Was this my chance? A small flower of hope started to bud inside my chest, as I stood there quietly.

"I'm sorry, but I can't do this anymore. He hates me and expects me to do everything, just because I'm not working right now. When he moves out, I'll come back, but I can't live with him." He said, still shoving clothes into a garbage bag.

I nodded, but didn't reply.

"Hey, can I borrow your phone? I threw mine when I got mad and it busted." He asked, holding up his shattered phone for me to see.

I pulled mine out of my pocket and gave it to him, no questions asked. Then, I turned and walked back into the living room. I felt like I was in a haze.

My initial reaction was to beg him to stay, just like I had before, but I didn't. I wasn't going to. Not this time.

I wasn't sure how long I sat there, pondering this, before he walked into the living room and handed me my phone.

"Hey, I'm sorry, okay?" He said, taking my silence for sadness. "I don't want to leave and I still love you. I just can't live with your brother."

I nodded again and gave him a small smile. "I know. I get it." I replied, quietly, then hung my head.

I couldn't look him in the eyes. If I did, then I might be tempted to tell him to stay and was determined not to.

"Okay, well, I only have a little more to get today. Maybe you can pack up whatever else of mine that is left and bring it to me sometime tomorrow or this week. You can bring Ben down this weekend, and we can all hang out." He replied.

I nodded again, and felt the tears well up in my eyes. I wouldn't be going down there this weekend. I already knew that I wouldn't.

If I could stay strong.

"We'll be okay, Baby. Don't worry." He said, then leaned down and pressed his soft lips to mine.

The dam holding the tears back almost broke, but I somehow managed to keep them at bay.

"I know." I lied, giving him another sad smile.

"Good." He replied, smiling back. "I'll let you know when I'm finished so you can get me the fuck out of this hellhole."

"Okay." I sighed.

He walked back to the room, so I took the opportunity to scroll social media. We were both still on Facebook, even though I hated it.

I tried to move to Instagram, but Will didn't like it and kept berating me for being on "that stupid app," so I quit going on there.

I opened Facebook and started to scroll. Then, a message popped up from someone that I knew, but didn't talk to.

Some girl from school.

"Yeah, you can come over. I need more than that quickie that I got last weekend. You can show me what that tongue does again too. I need a reminder."

What the fuck? I was so confused at first.

Why was she messaging me this?

Did she accidently send it to me? That wouldn't be possible though, because we had never talked. That's when I noticed that I wasn't logged into my Facebook at all.

No, Will had logged into his and forgotten to log out. I felt sick to my stomach. I scrolled up and read the messages that they had been sending each other for the past two weeks.
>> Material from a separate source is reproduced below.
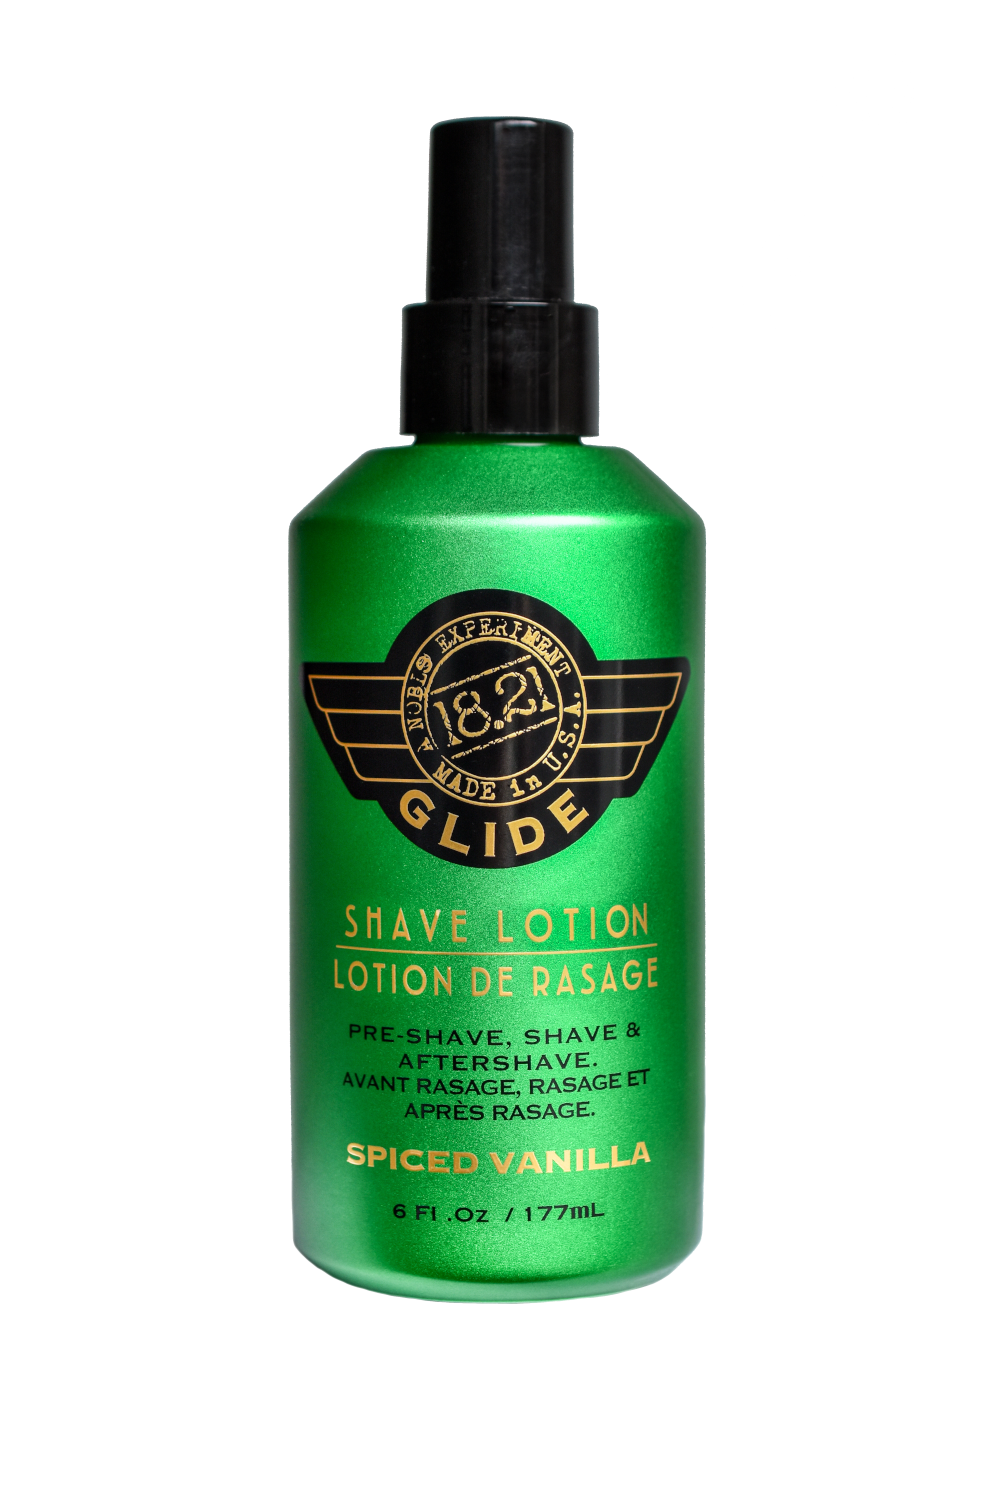 18.21 Man Made Glide Shaving Lotion Spiced Vanilla

Every disgusting detail, with pictures to emphasize their points. Every time that I thought he went to work, he was at her house. Every time that I thought he was at Dusty's, he was with her. Fucking her, telling her that he loved her and her body.

My small amount of self confidence plummeted. She was way bigger than me, and even though I didn't like to judge other females, because I knew I wasn't pretty, she looked like a smushed faced bulldog. That was probably just the anger making me think like that, but it did nothing for my confidence.

If he wanted to be with her, then I really was an ugly piece of shit. I didn't want to keep dealing with this. I didn't have to deal with it, or anything from anyone new.

I would rather be alone, than to keep living like this. That made up my mind, but I still couldn't tell him.

So, I took my phone in there, and tossed it at him.

"Whoa, what the fuck, Callie?! You almost hit me!" He exclaimed. "Why do I need your phone?"